### Directions for this task
Beginning at the line containing "Late 20th Century", give again every line through the end of the data, unchanged and with both ends included. Drop any pictures.

### Provided material
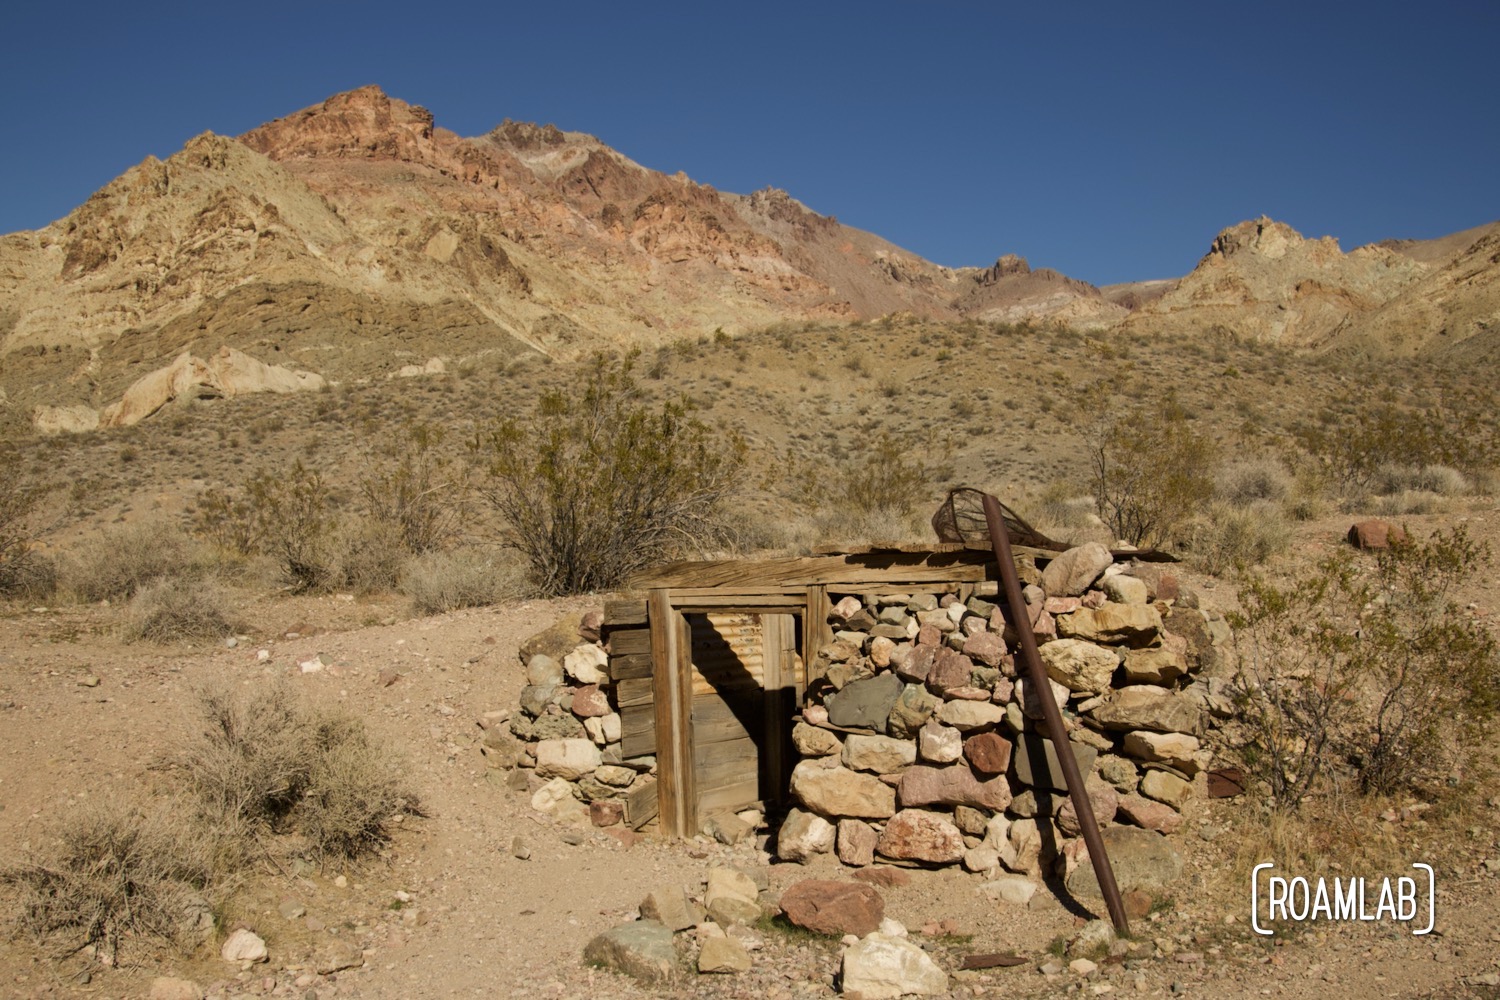 Ruins of a storage hut in Leadfield Ghost Town located along Titus Canyon Road in Death Valley National Park, California.
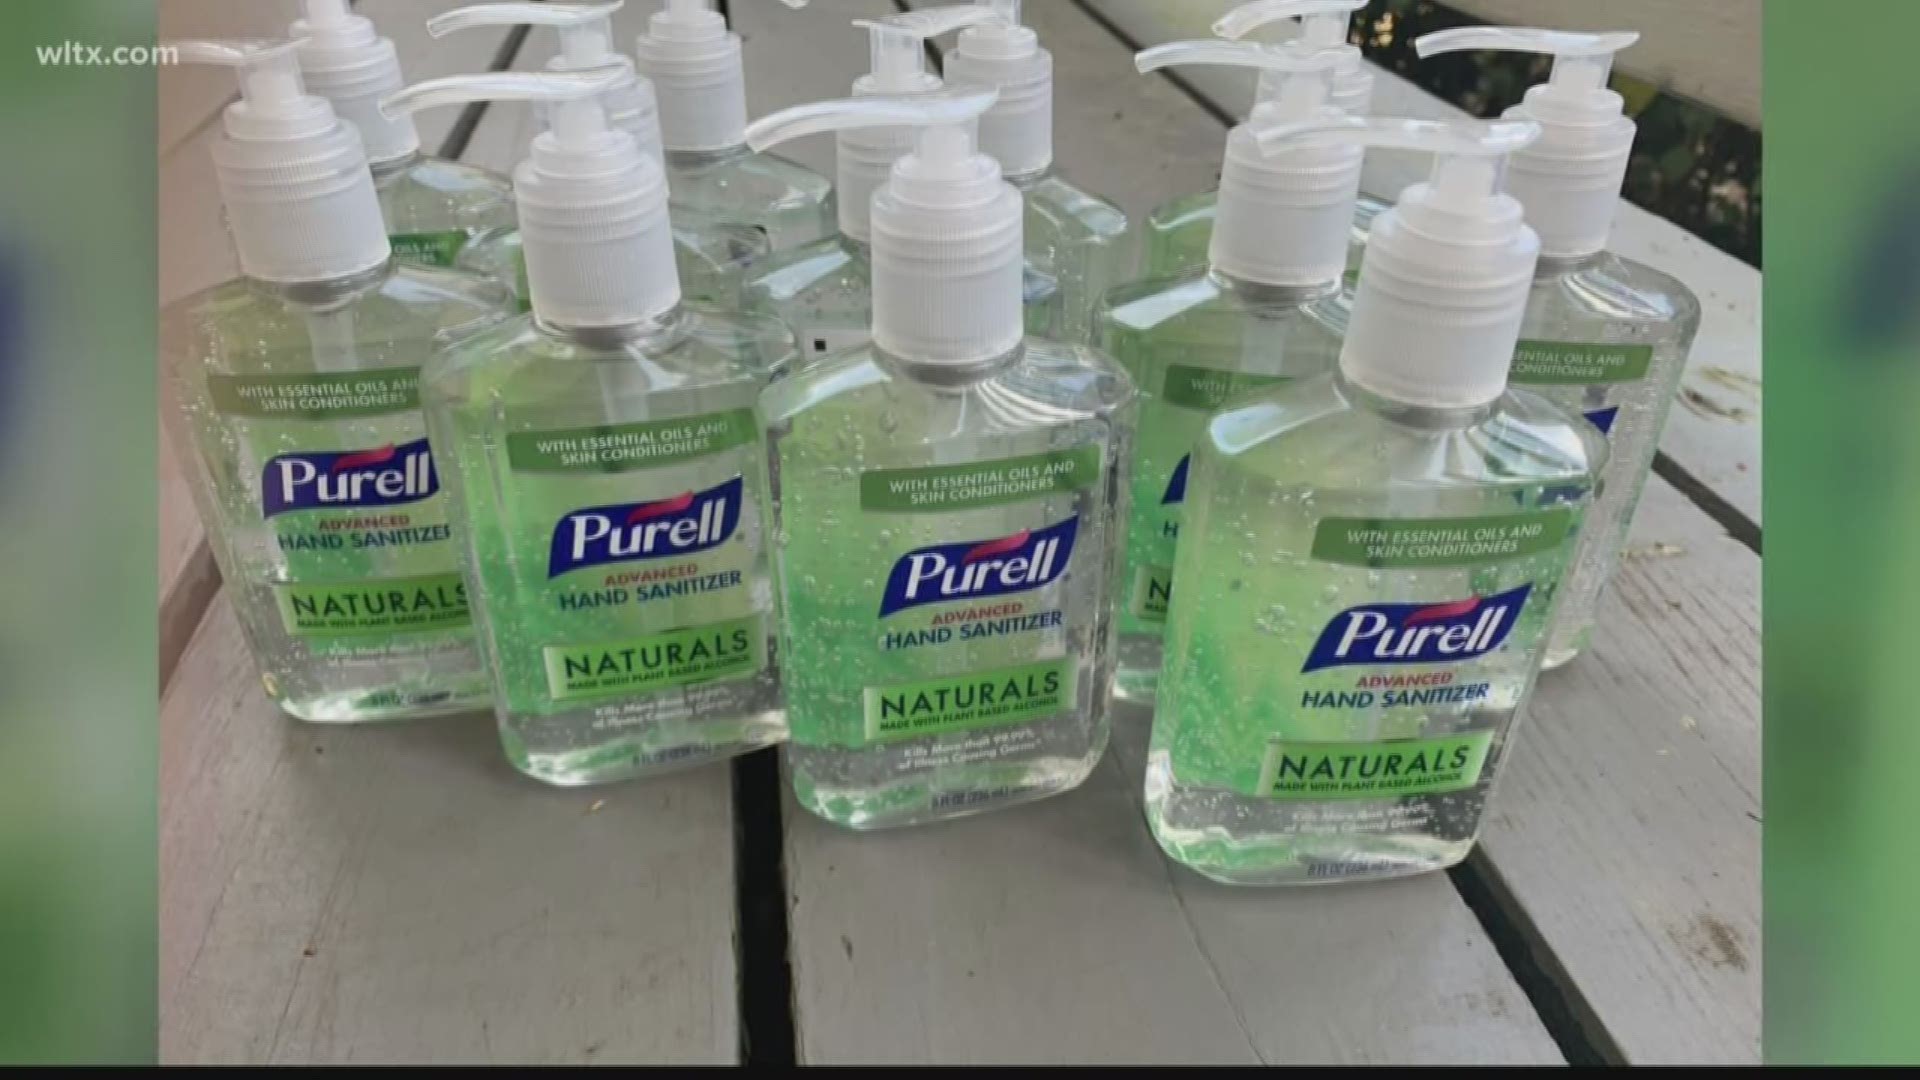 He found a lot of hand sanitizer online and he went and left them throughout his neighborhood.
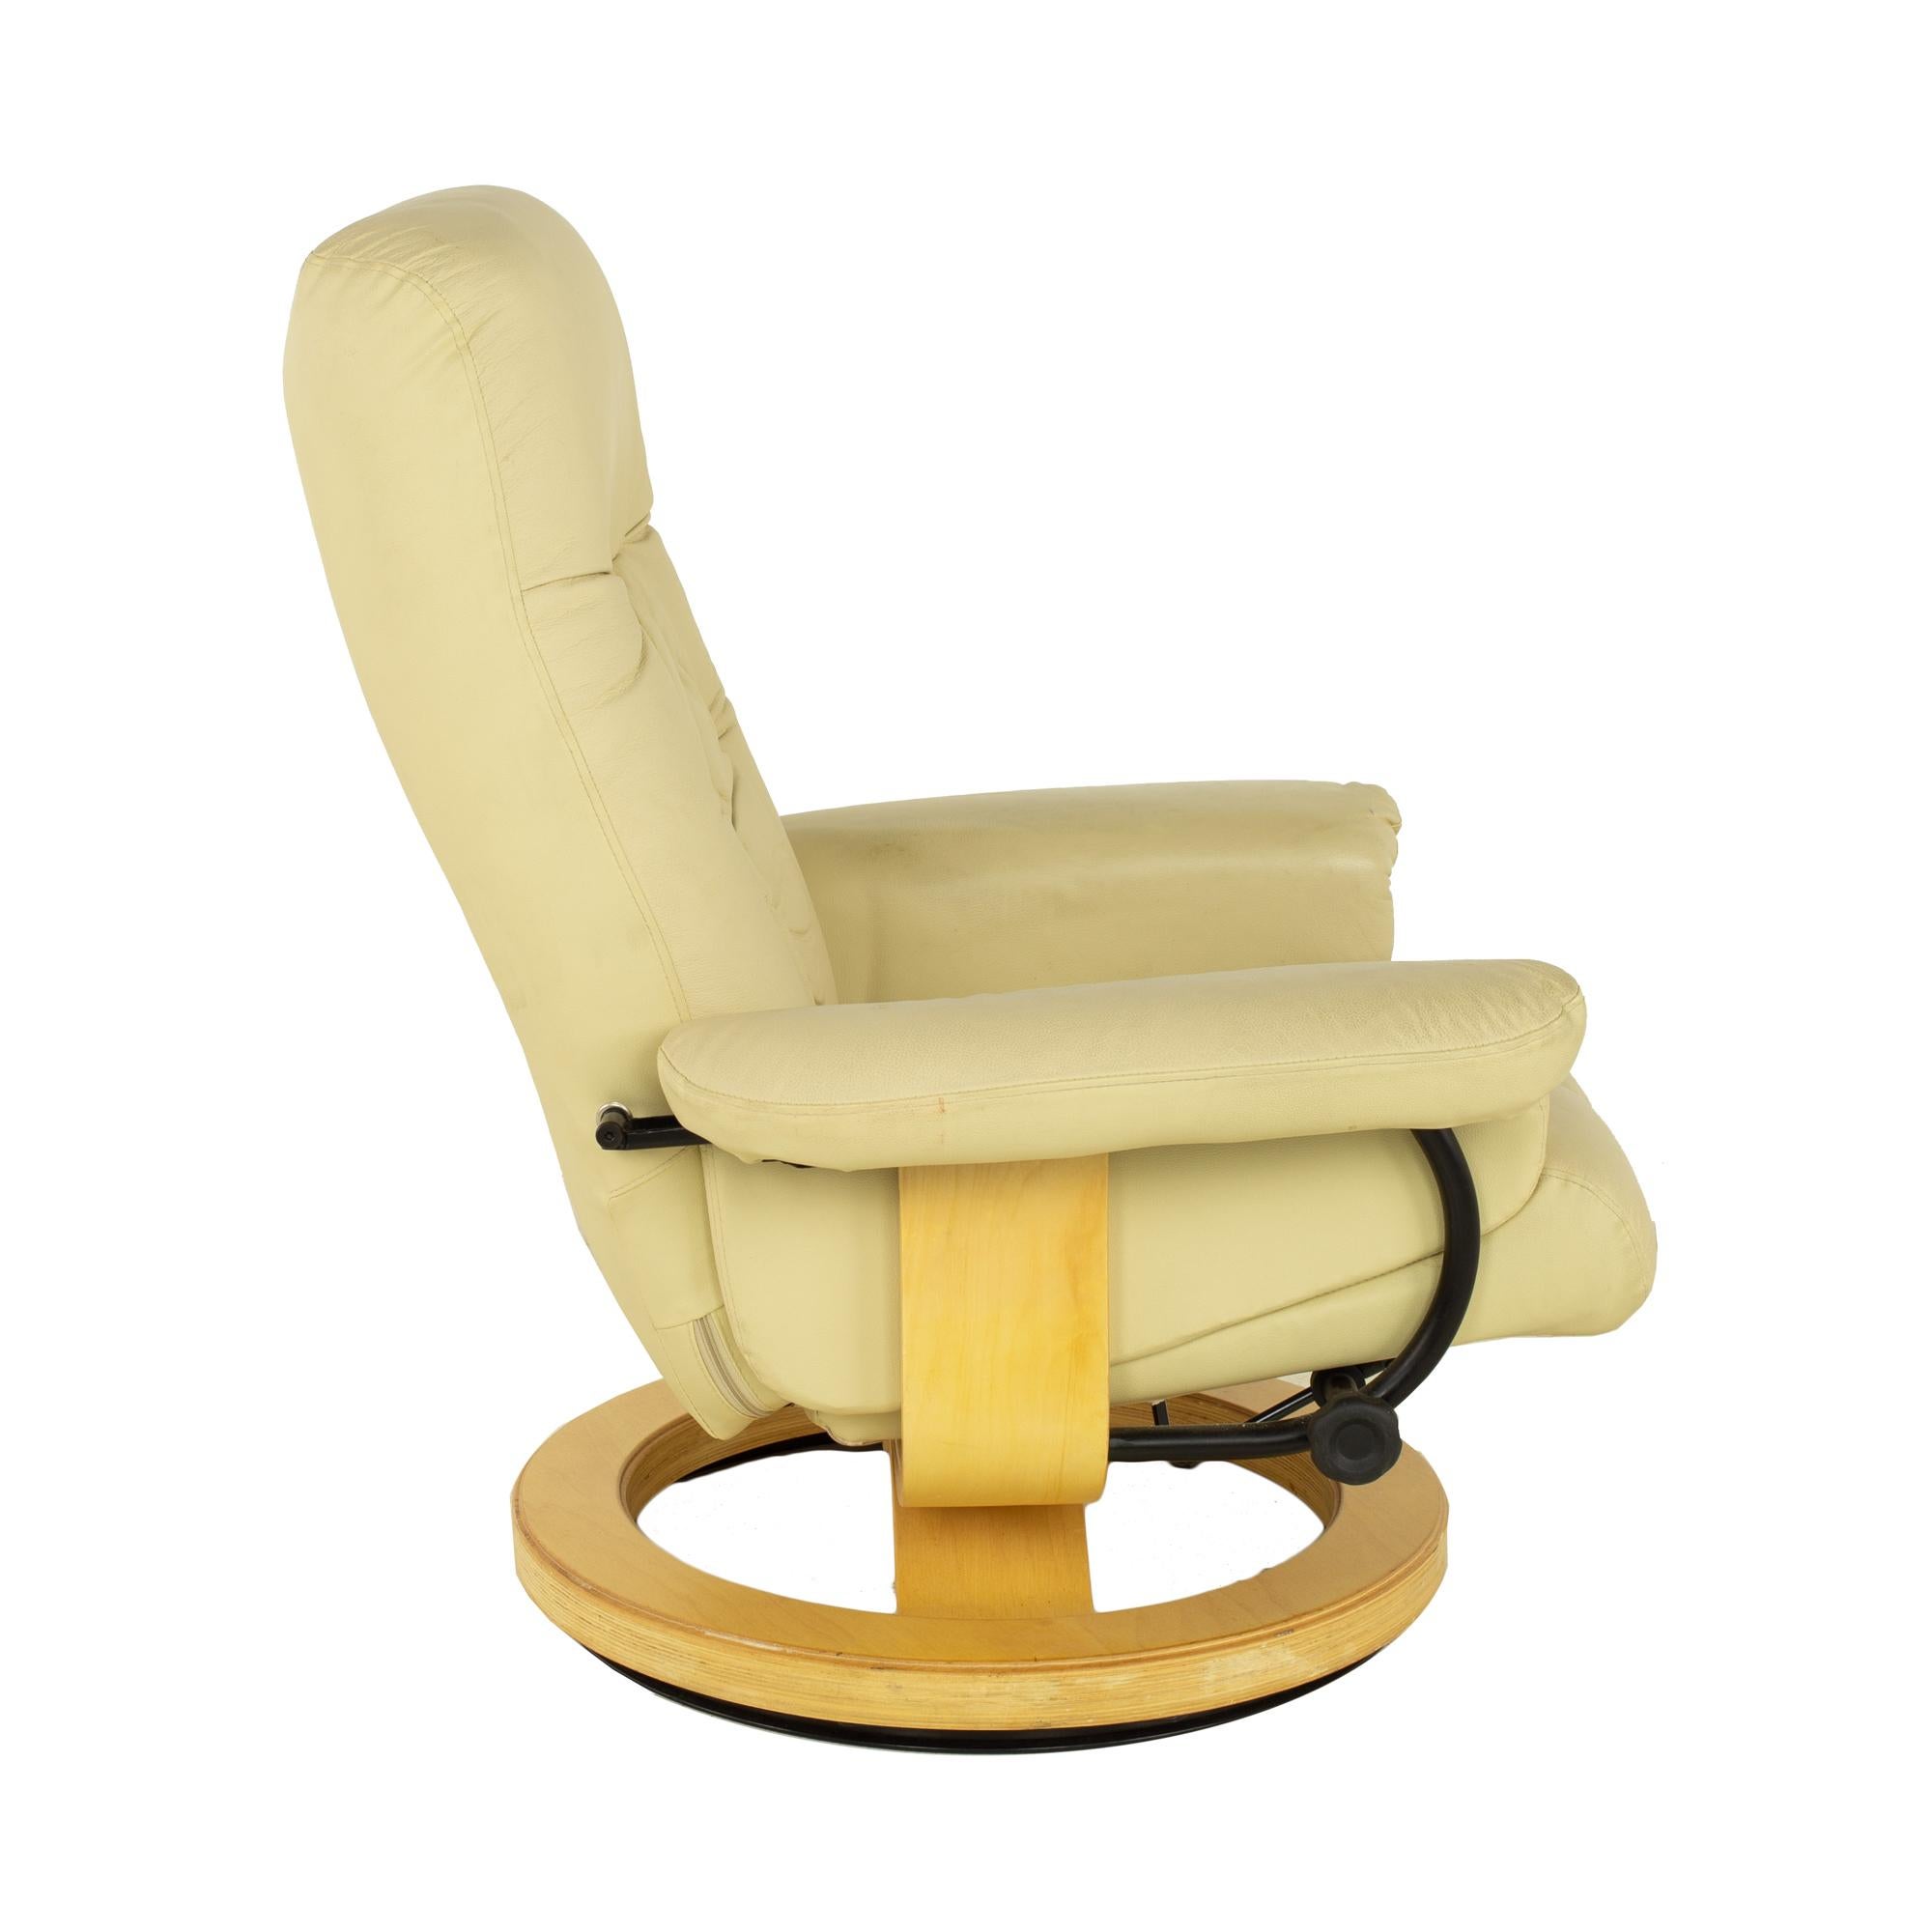 Late 20th Century Ekornes Stressless Style Mid Century Leather Lounge Chair and Ottoman
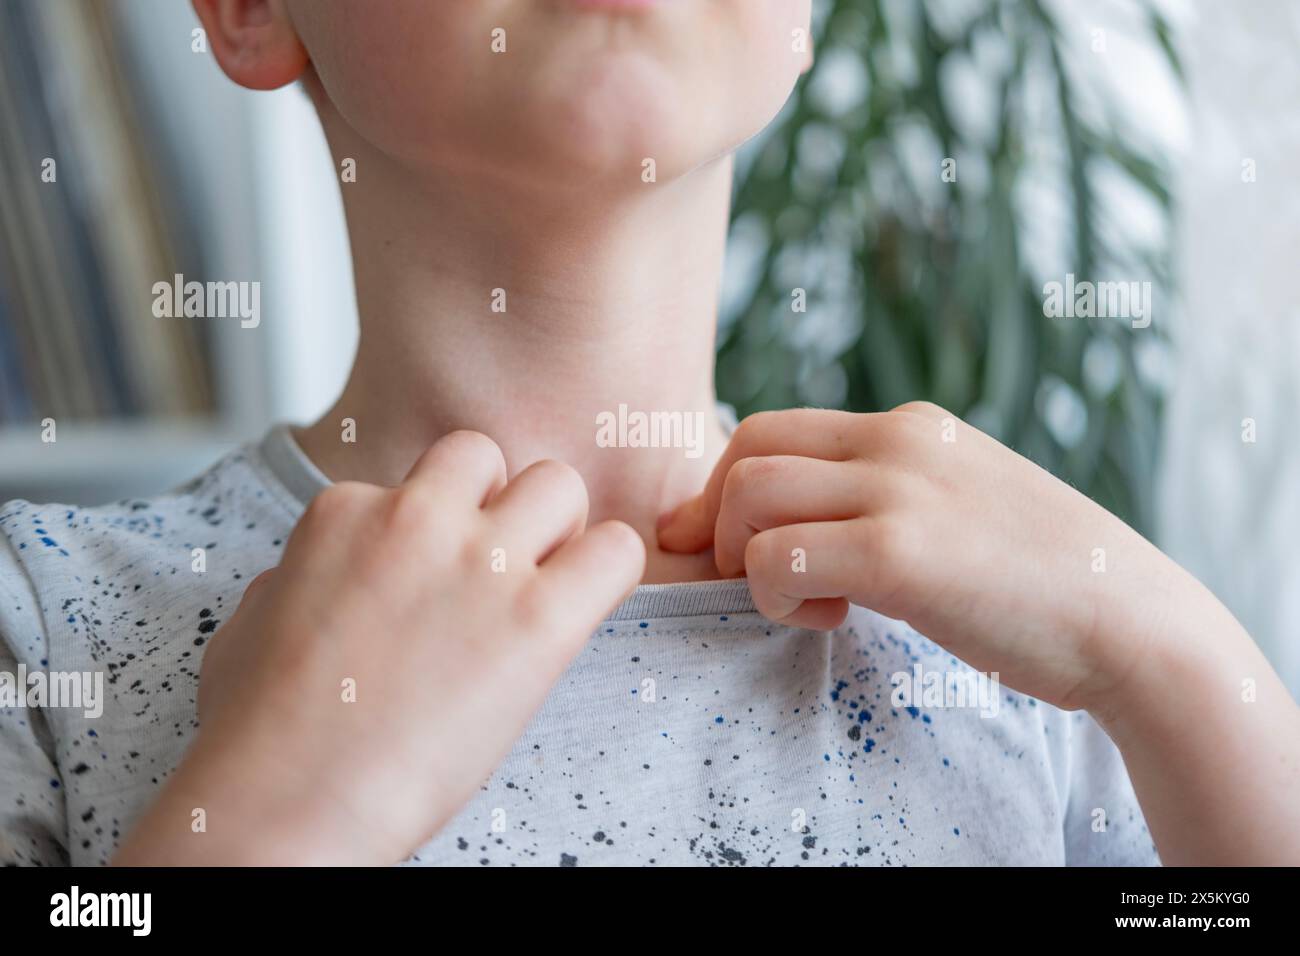 close-up neck, caucasian child patient holding affected area, experiencing throat pain, loss of voice, various causes, medical attention and treatment Stock Photo

### Task result
 Late 20th Century Ekornes Stressless Style Mid Century Leather Lounge Chair and Ottoman
 close-up neck, caucasian child patient holding affected area, experiencing throat pain, loss of voice, various causes, medical attention and treatment Stock Photo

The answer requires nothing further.